-- Data shown --
▼▼▼
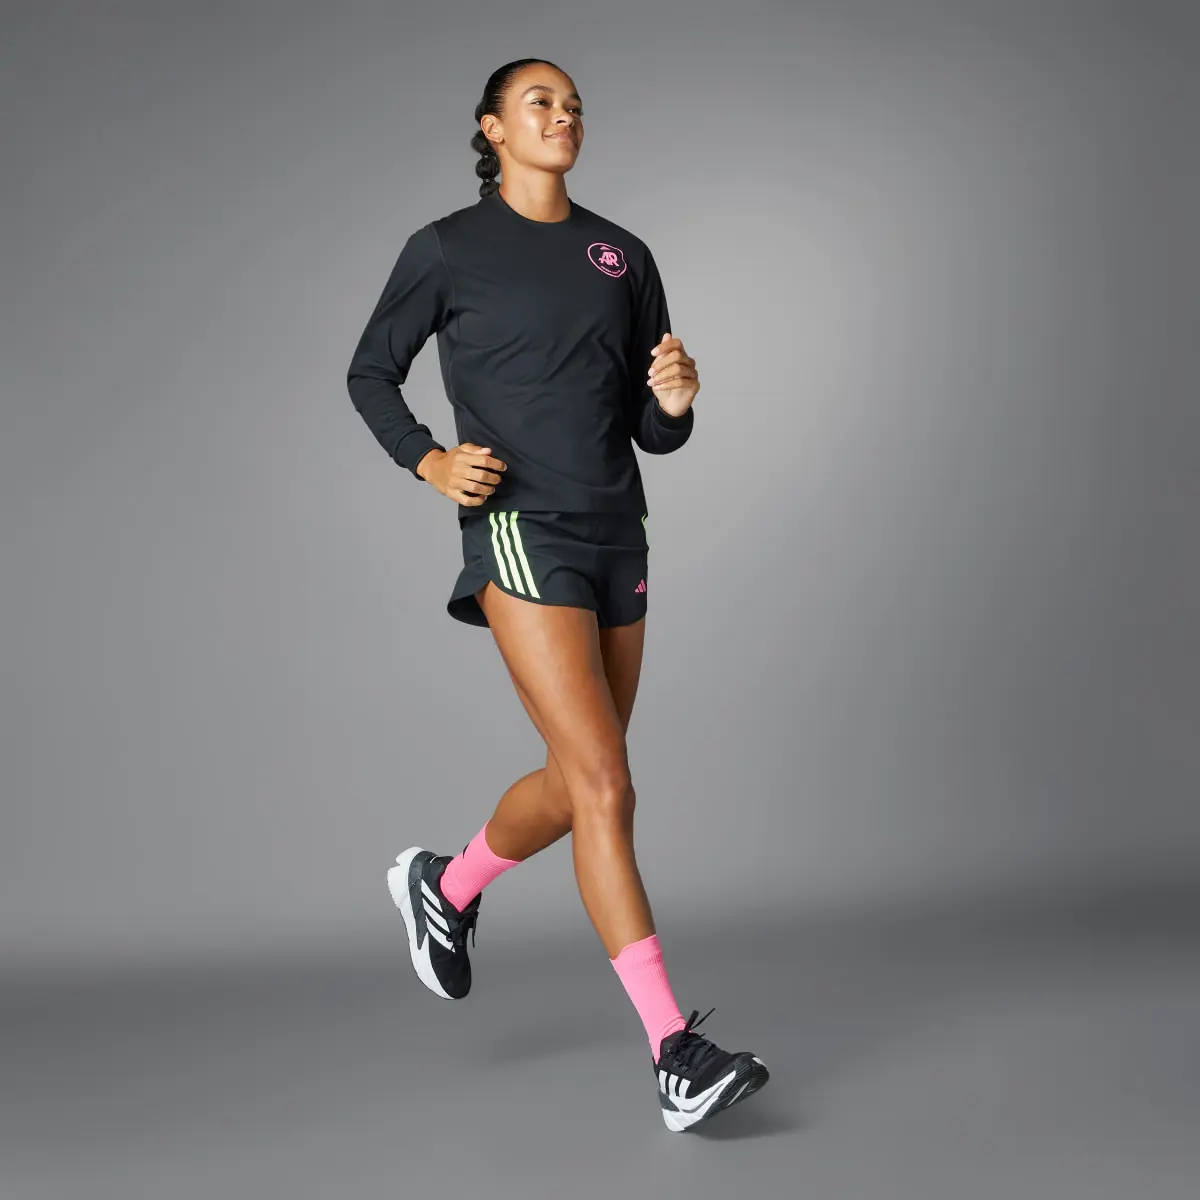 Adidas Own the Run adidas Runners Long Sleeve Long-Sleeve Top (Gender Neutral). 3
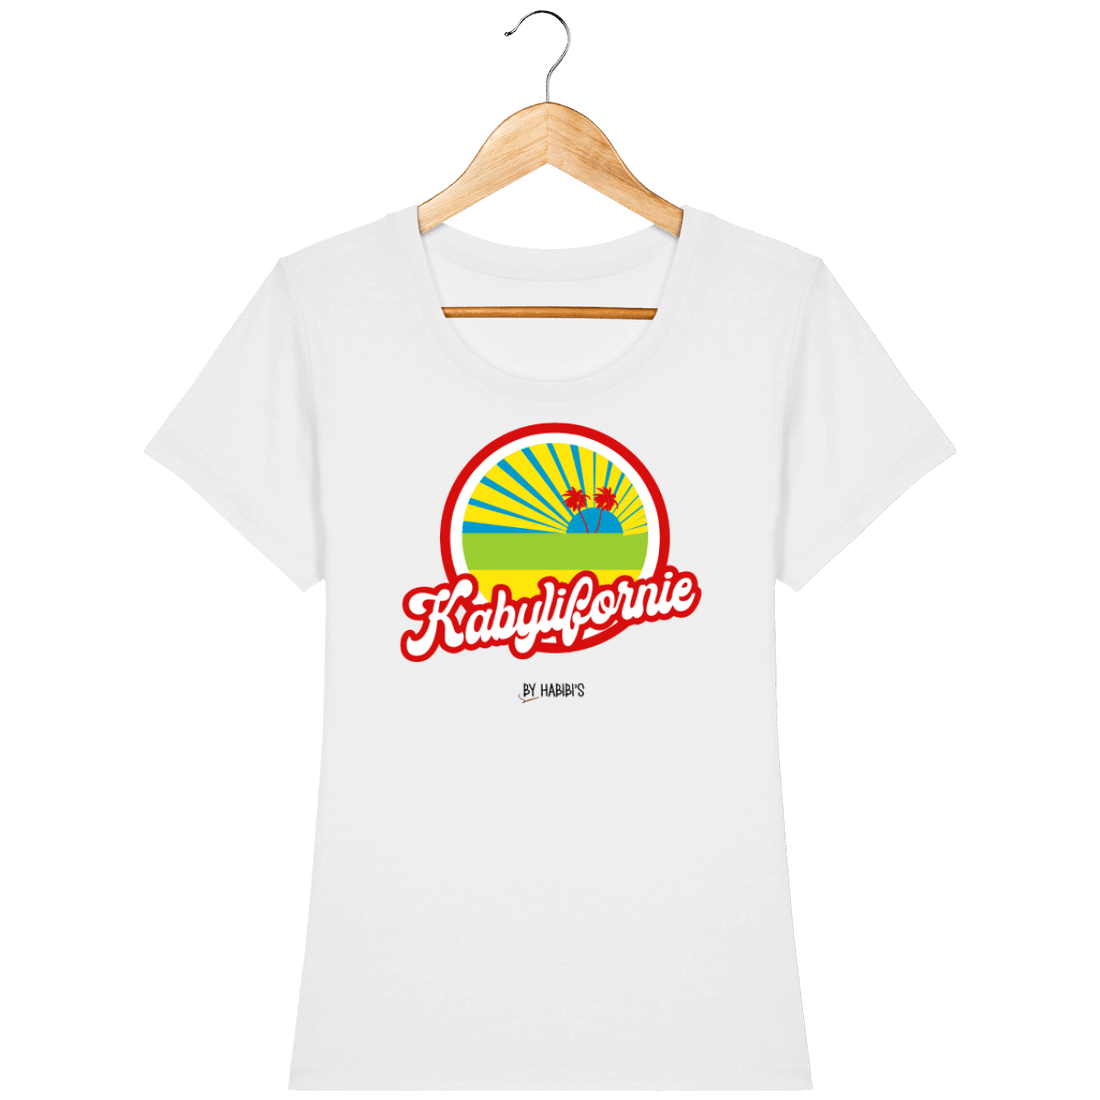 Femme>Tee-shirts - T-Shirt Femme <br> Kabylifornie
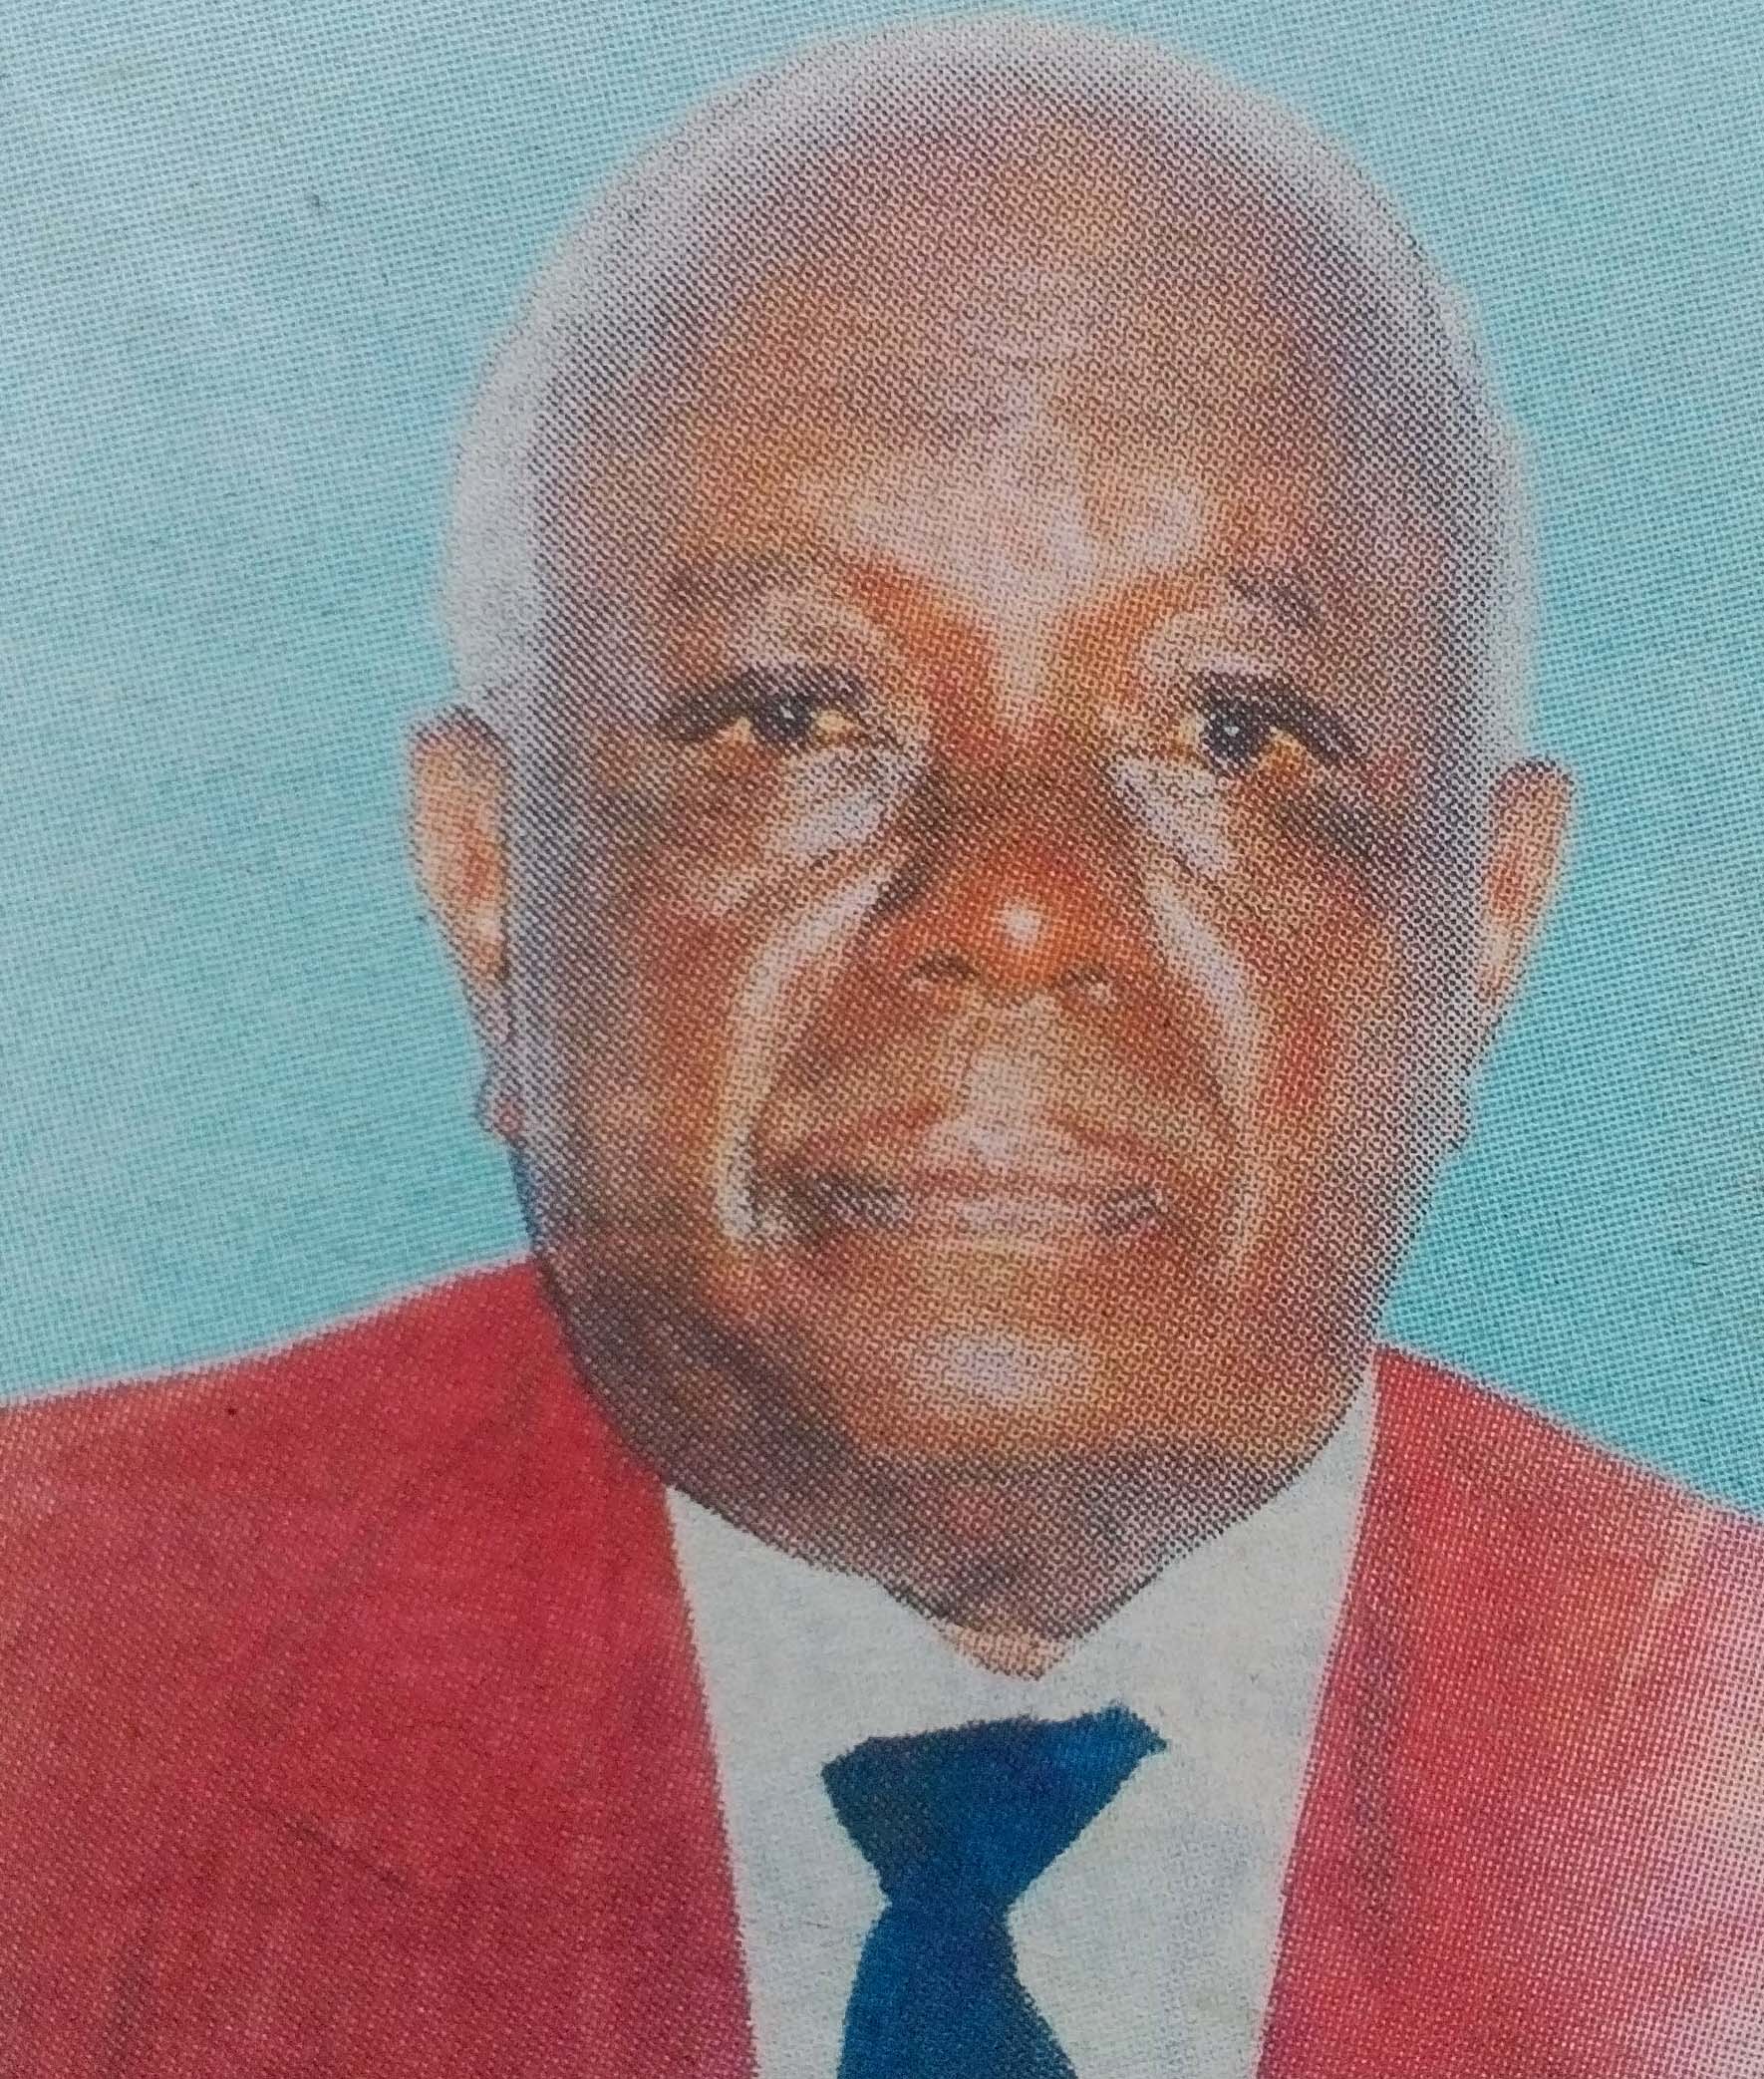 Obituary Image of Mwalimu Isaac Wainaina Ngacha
▲▲▲
-- Problem details --
Would you copy all the material exactly, dropping the pictures?

-- Exercise solution --
 Adidas Own the Run adidas Runners Long Sleeve Long-Sleeve Top (Gender Neutral). 3
 Femme>Tee-shirts - T-Shirt Femme <br> Kabylifornie
 Obituary Image of Mwalimu Isaac Wainaina Ngacha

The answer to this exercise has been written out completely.